瞧着地上面色泛红、软趴趴地娇柔佳人,摩拳擦掌,男人整个人都兴奋地双目放光:
太美了,简直太让人激动了,感觉自己已经有了明显的反应,男人一边扒着身上的西装,一边往前走去。
这同是女人,差别怎么这么大呢!他家那老母猪,扒光了他都兴趣缺缺,这个小白兔,光是一个迷茫的眼神,让他醉生梦死,他都愿意!
“是你!你这个卑鄙无耻的小人!你…不要…过来…”
眸子瞠得巨大,盼儿简直不敢相信自己的眼睛:
童佳!又是那个该死的女人!她真是蠢啊!居然对这样一个良心被狗吃了的女人心生怜悯?现在害得自己居然还身陷囹圄?真是人心隔肚皮,她果然眼睛瞎了,好了伤疤忘了疼,曾经吃过她的亏,而今又…
知道自己一时心软,掉进了狼的陷进,盼儿悔得肠子都青了,紧张得一颗心也怦怦直跳,一边用尽全身力气挪动着身子爬向一侧的茶桌,一边虚与委蛇的应付着。
如果要被这样猥亵的男人欺负,她宁可咬舌自尽!怕就怕,现在她连咬舌的力气都没有。
知道现在真的是叫天天不应叫地地不灵,盼儿只能把唯一的希望寄托在那易碎的玻璃茶壶茶杯上,不,不可以,除了昱,暂时,她还无法忍受任何别的任何男人碰她!

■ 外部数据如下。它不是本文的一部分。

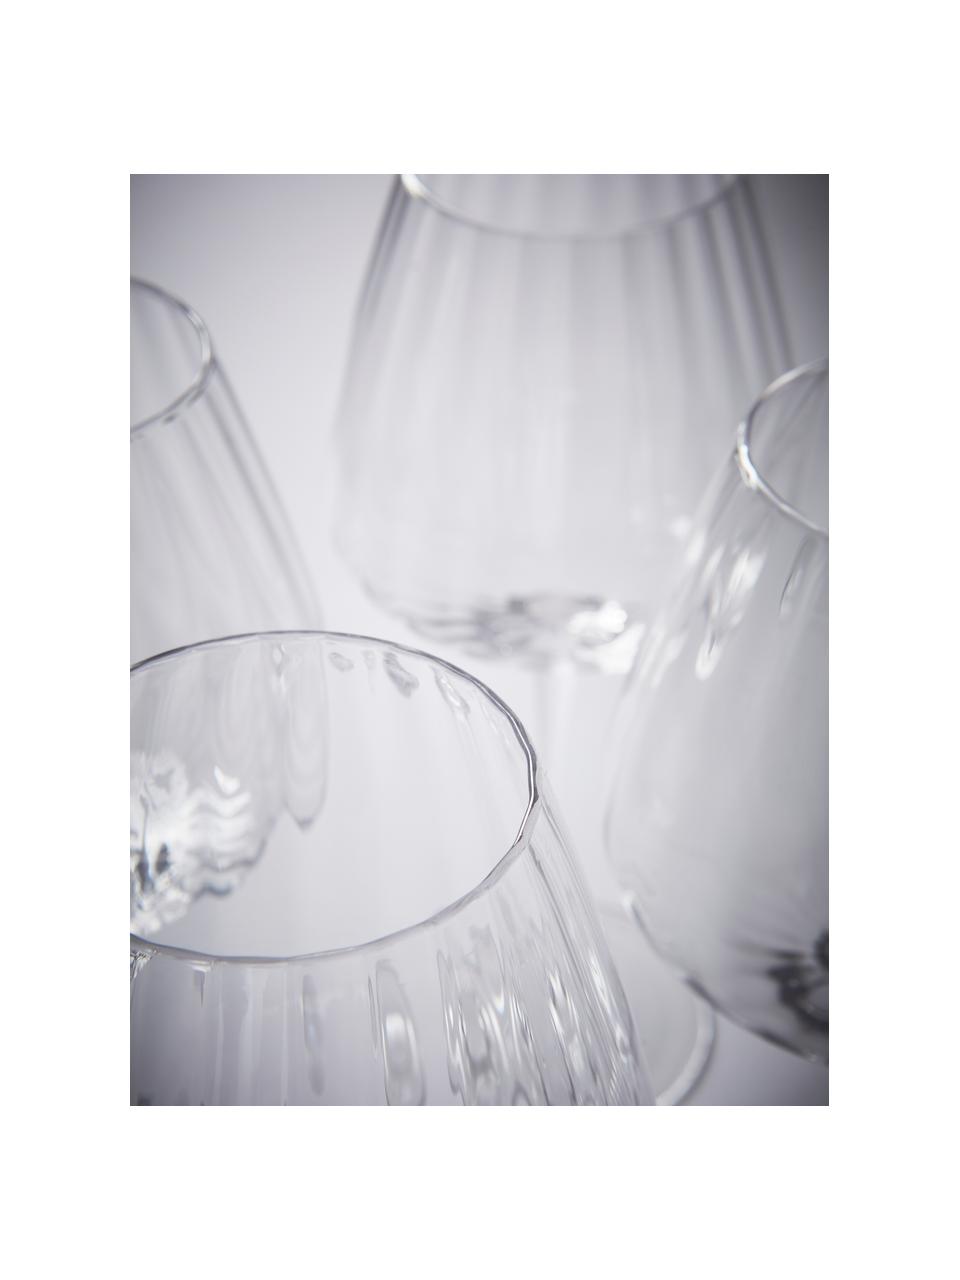 Bicchiere vino rosso con struttura scanalata Akia 4 pz, Vetro, Trasparente, Ø 10 x Alt. 24 cm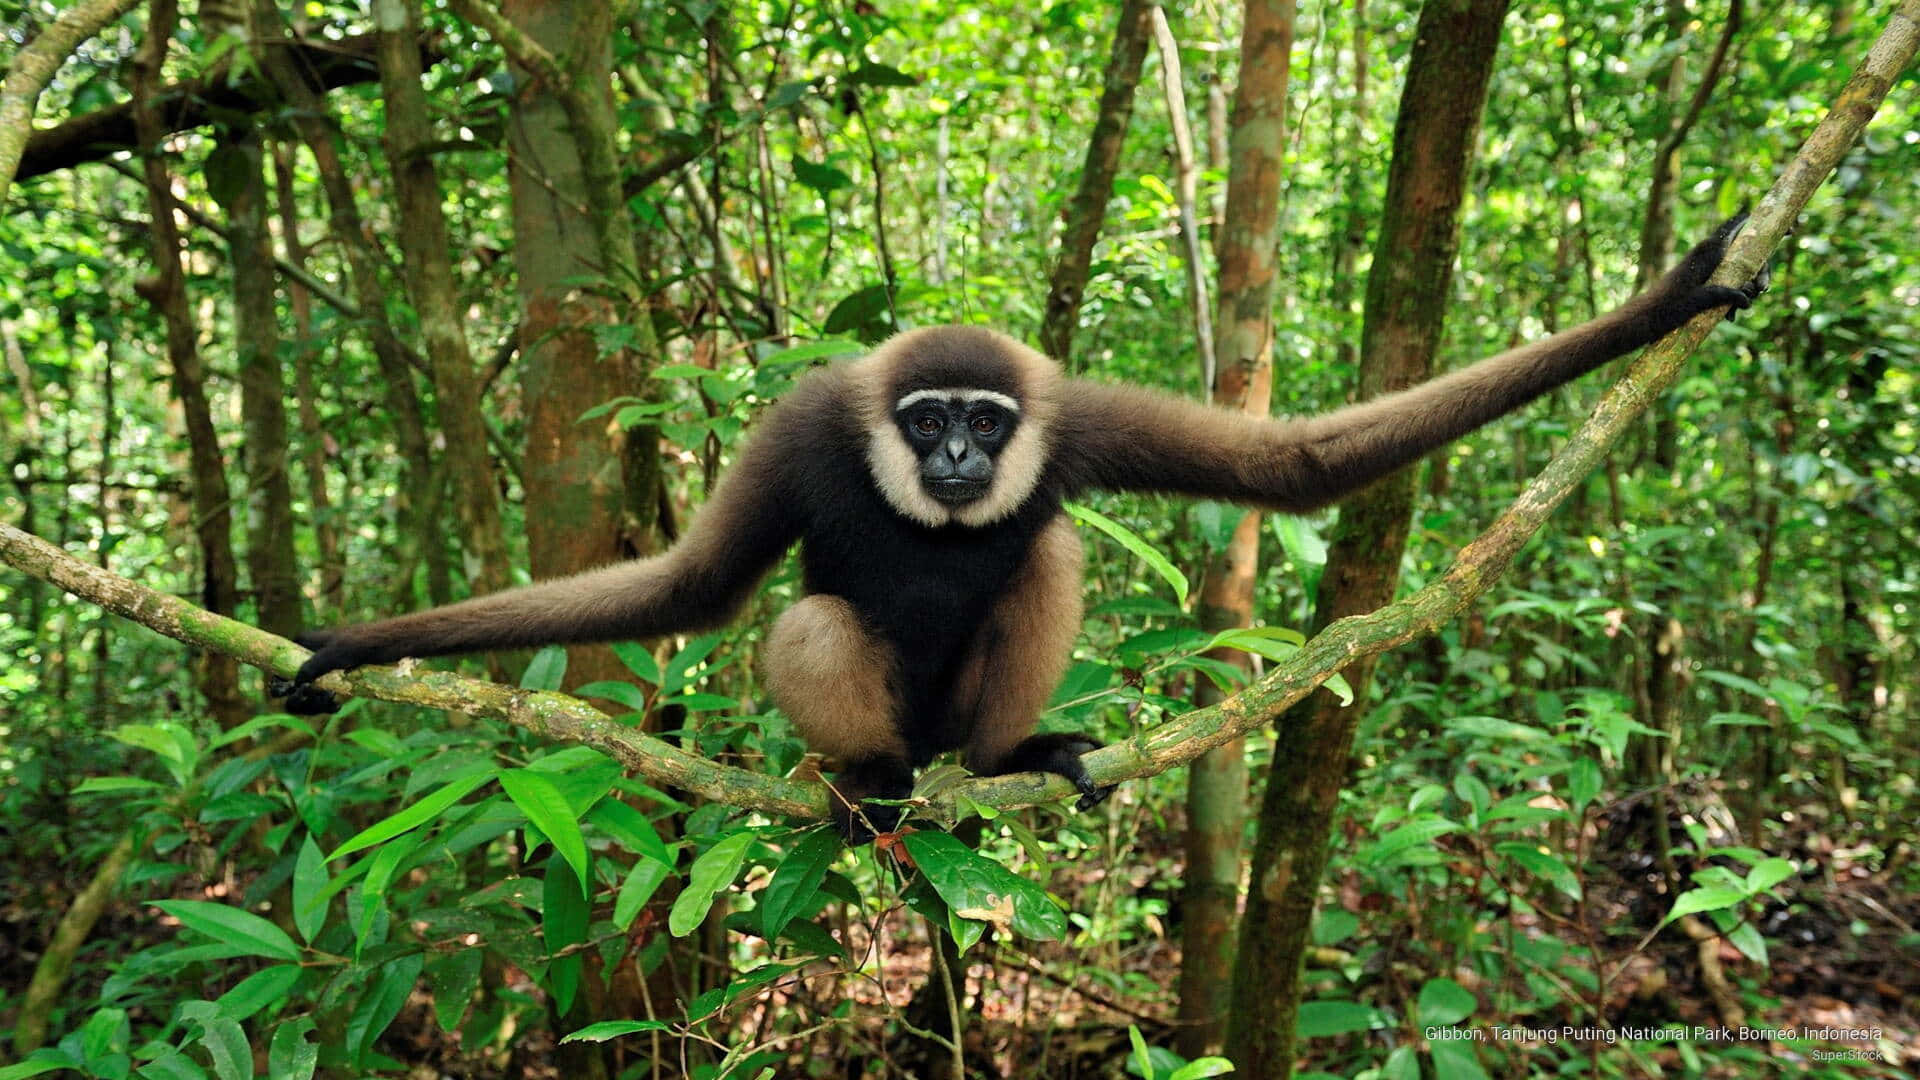 Gibbonemaschio Atletico Appeso A Un Ramo Di Albero In Un Ambiente Naturale Di Foresta

“我的小宝贝,你真是个小妖精,从我第一眼看到你起…满脑子都是跟你欢好的景象…你看到了吗?对着你,想着,我的宝贝都有反应了,我一定会好好疼你,让你回味无穷…以后都不想离开的,哈哈…”
一边望着地上的盼儿,男人一边解着皮带,拖着半吊着的裤子,还恶心地伸手指着自己肚子处无法遮掩地鼓胀、激动地拖拖拉拉着就往前冲。
“啊!你不要碰我,你不要过来——”
以为男人要脱裤子,盼儿用尽全身力气闭着眼睛大吼着往后缩去,碰着桌脚,不管不顾,拽着桌布就摔砸而去。
由于盼儿力道不大,又加上桌布的缓冲,几个圆滚滚的玻璃杯未碎却滚落了一地,男人一边猴急地脱着脚上碍事的鞋袜,还一边邋里邋遢地拖着裤子前行,被脚下的玻璃杯一绊,霎时,整个人重心不稳地往前摔去,跌到的手恰好抓到盼儿半拖着的小腿,激动地他还没爬起身子,就扯着她丝薄的袜子摸索着拖拽了起来。
“啊——”
一边抱着手边的桌腿,盼儿一边无力地踢打着双腿大叫了起来,身子越来越热,力气却明显越来越越小。
看着脚下定在自己脚踝的狼爪,盼儿跟被蛇咬上了似的,拼死挣扎着,望着那已经被越撕越大的口子,不假思索地,抬头就往桌腿上撞去,希望借着疼痛可以让自己恢复些力气,有机会逃出魔掌。
傅昱廷刚踏出电梯,就似乎隐隐听到了激烈的惨叫,心一惊,抬腿大步冲了过去,连钥匙都没用,猛地一脚,就踹开了房门,屋内凌乱的一幕陡然闯入眼帘,傅昱廷吓得差点昏昏死过去。
“啊!哎呦,疼死我了,别打了,饶命,饶命呜呜——”
还没反应过来发生了什么事,男人就被一阵疯狂而至的拳打脚踢踹得抱头鼠窜,护着自己的宝贝哀嚎阵阵。
危急中突然看到熟悉的身影,盼儿整个人都软瘫了下来,眨着迷离的眸子,趴到地上,心却仿佛瞬间落了地——
“啊,不要打了,不要打了——”
眼见男人被人打得头破血流,童佳吓得捂着脸凄惨哀叫。